Bei einem Datencenter handelt es sich um ein vernetztes Kommunikationssystem, welches für hohe Belastungen und entsprechende Geschwindigkeiten ausgelegt ist. Es ist gemeinhin in der Lage, den Datenverkehr für verschiedene gebündelte Anwendungen zu handhaben – und ist völlig gesichert. Das heißt: Ein Datencenter ist vor Feuer, vor Temperaturschwankungen, vor Strom- und Überflutungsschäden sowie vor Feuchtigkeit völlig geschützt und verfügt über eine individuell programmierte Zugangskontrolle. So ist es stets nur einem kleinen Team gewährt, auf Vorgänge in einem solchen Zentrum einzuwirken.
Mit einem Datencenter können die entsprechenden Mitarbeiter nach außen hin kommunizieren: nämlich LAN- bzw. WLAN- (auch Bluetooth-)Verbindungen stehen hier in voller Bandbreite zur Verfügung. Datenzentren werden vor ihrer Errichtung sorgfältig geplant – so können sie allen Richtlinien, die hierfür zur Anwendung kommen, auch tatsächlich vollständig entsprechen. Hier kommen bestimmte sicherheitstechnische Vorschriften zum Tragen.
Datenzentren werden im Laufe der technischen Entwicklung immer kompakter und kleiner – so wird immer mehr bei derselben Leistungsfähigkeit immer weniger Platz benötigt. Auch sind Datenzentren generell mit einer unterbrechungsfreien Stromversorgung ausgestattet. Glasfaserkabel eignen sich am ehesten für Datenzentren: Dies wird so von Telefongesellschaften oder auch reinen Internetprovidern genutzt. So können keine Ausfälle entstehen. Die Installationen für Datenzentren werden mit einer hohen Leistungsgarantie durchgeführt.
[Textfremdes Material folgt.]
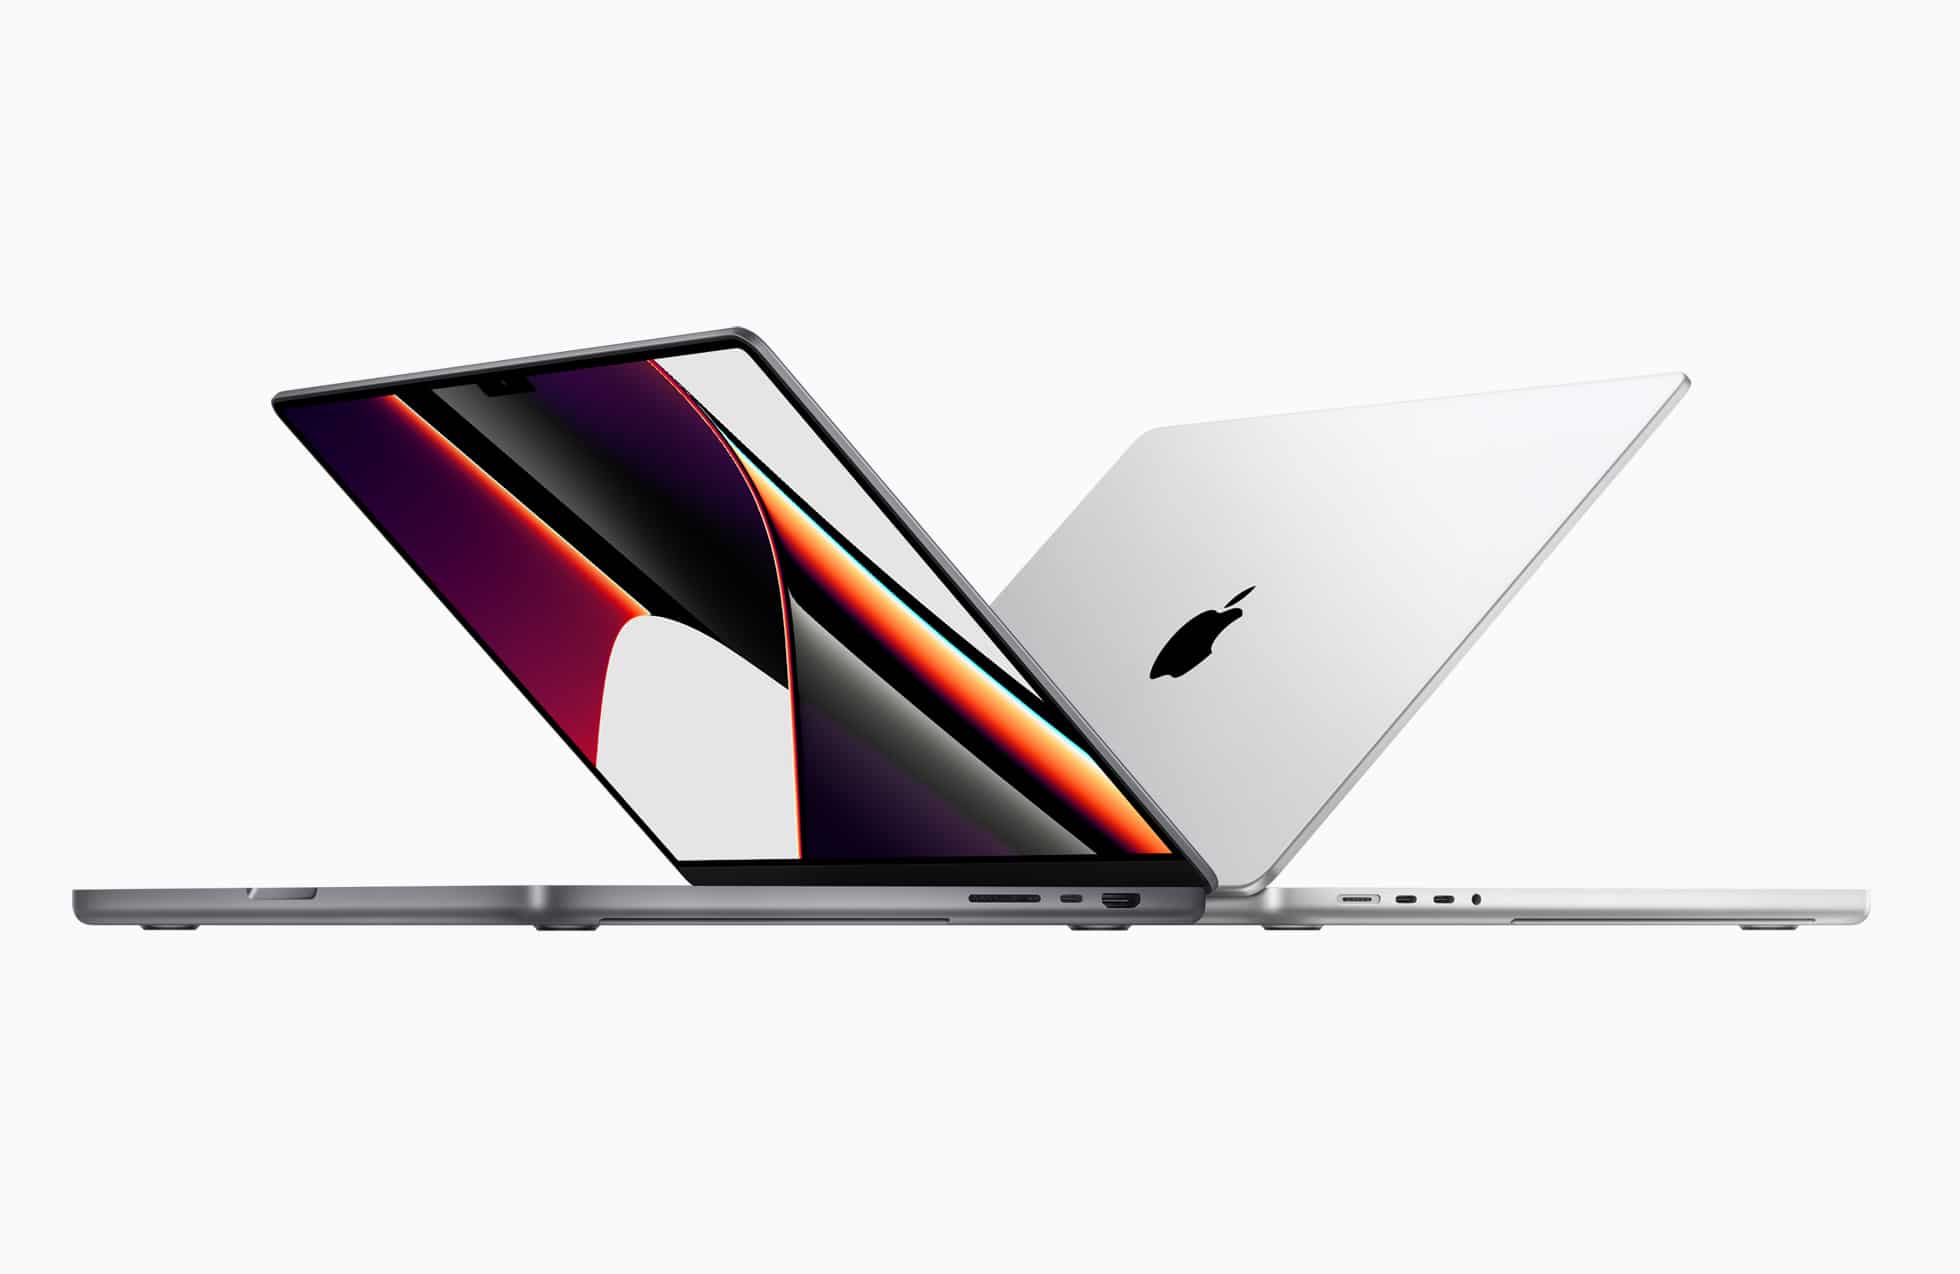 Apple | MacBook Pro not produced sufficiently again until July? | macbook | Apple MacBook Pro 14 16 inch 10182021.0137373d61504171b5c494d2994de0ad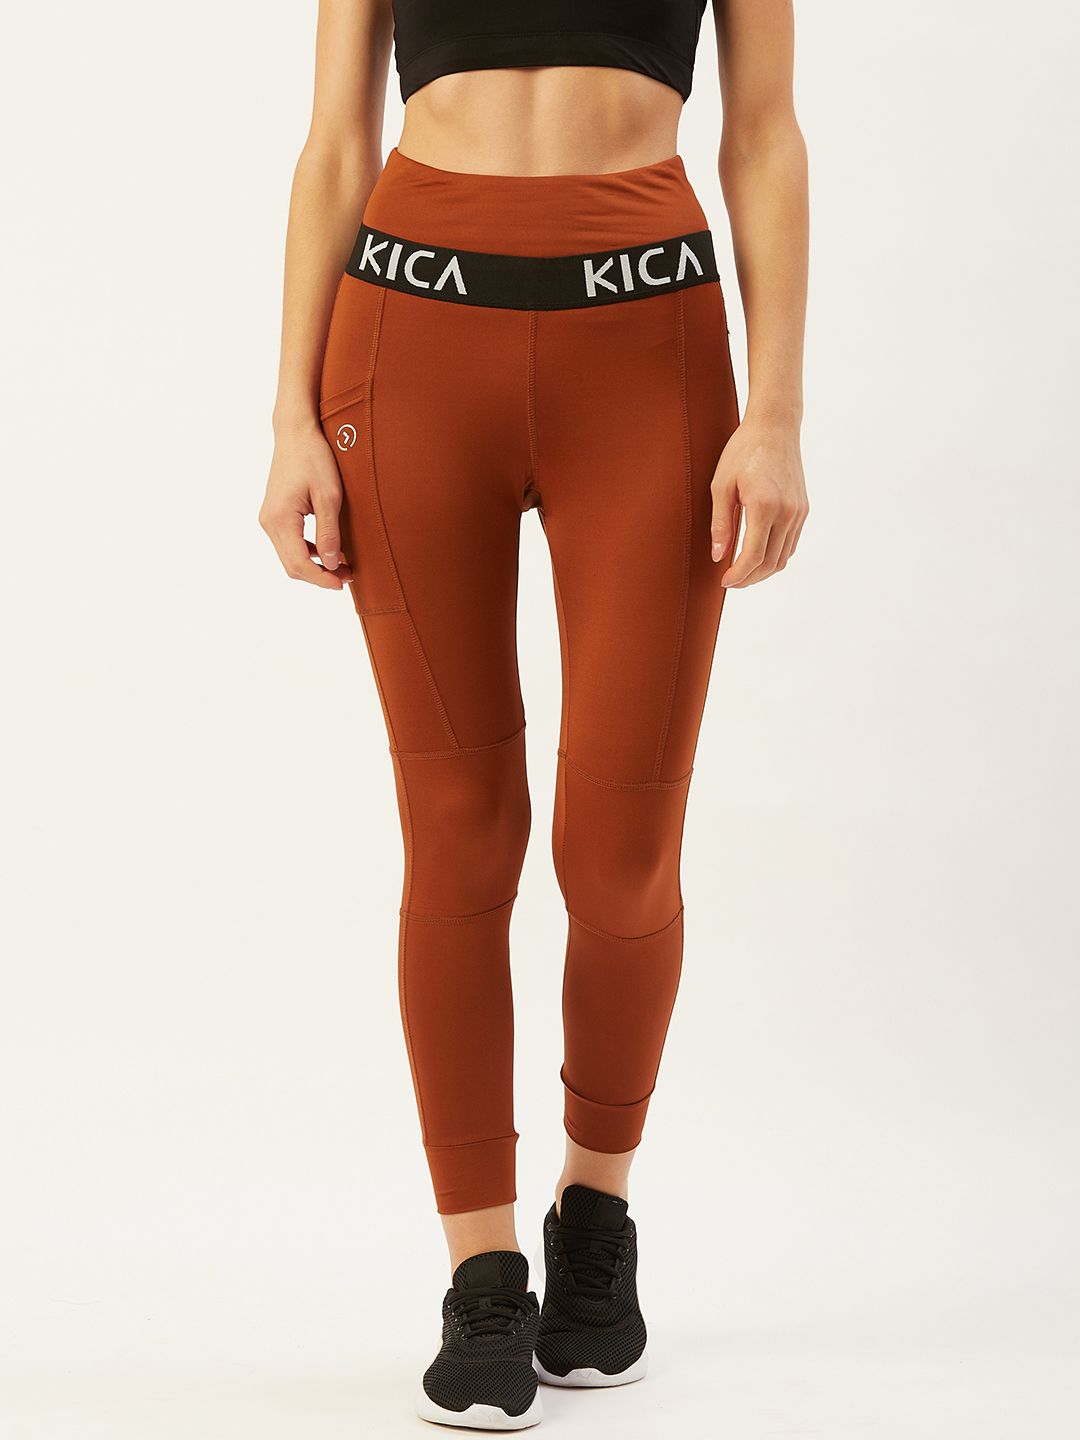 KICA Women Rust Brown High Waisted Leggings With Elastic Print Waistband Price in India

Um für Katastrophen vorbereitet zu sein, richten die Betreiber von Rechen- bzw. Datenzentren ein sogenanntes Backup- und Redundanzzentrum ein. Dieses ist ein Standort, welcher technisch völlig identisch eingerichtet ist – so kann bei einem Ausfall umgehend umgeschaltet werden. Die Verzögerung ist hier irrelevant bzw. vertretbar. Diese doppelten Standorte befinden sich nicht am selben Ort: So bleibt beim ortsbedingten Ausfall die Funktionalität einer Gesamtinstitution vollständig bewahrt. Notfallszenarien werden generell auch in Notfallhandbüchern festgelegt. So können die Mitarbeiter darauf geschult werden, erforderliche Maßnahmen unmittelbar einzuleiten. In Datenzentren werden generell periodische und realistische Tests durchgeführt, um durch Probealarmsituationen eine mentale Bereitschaft und Wachsamkeit zu erzeugen.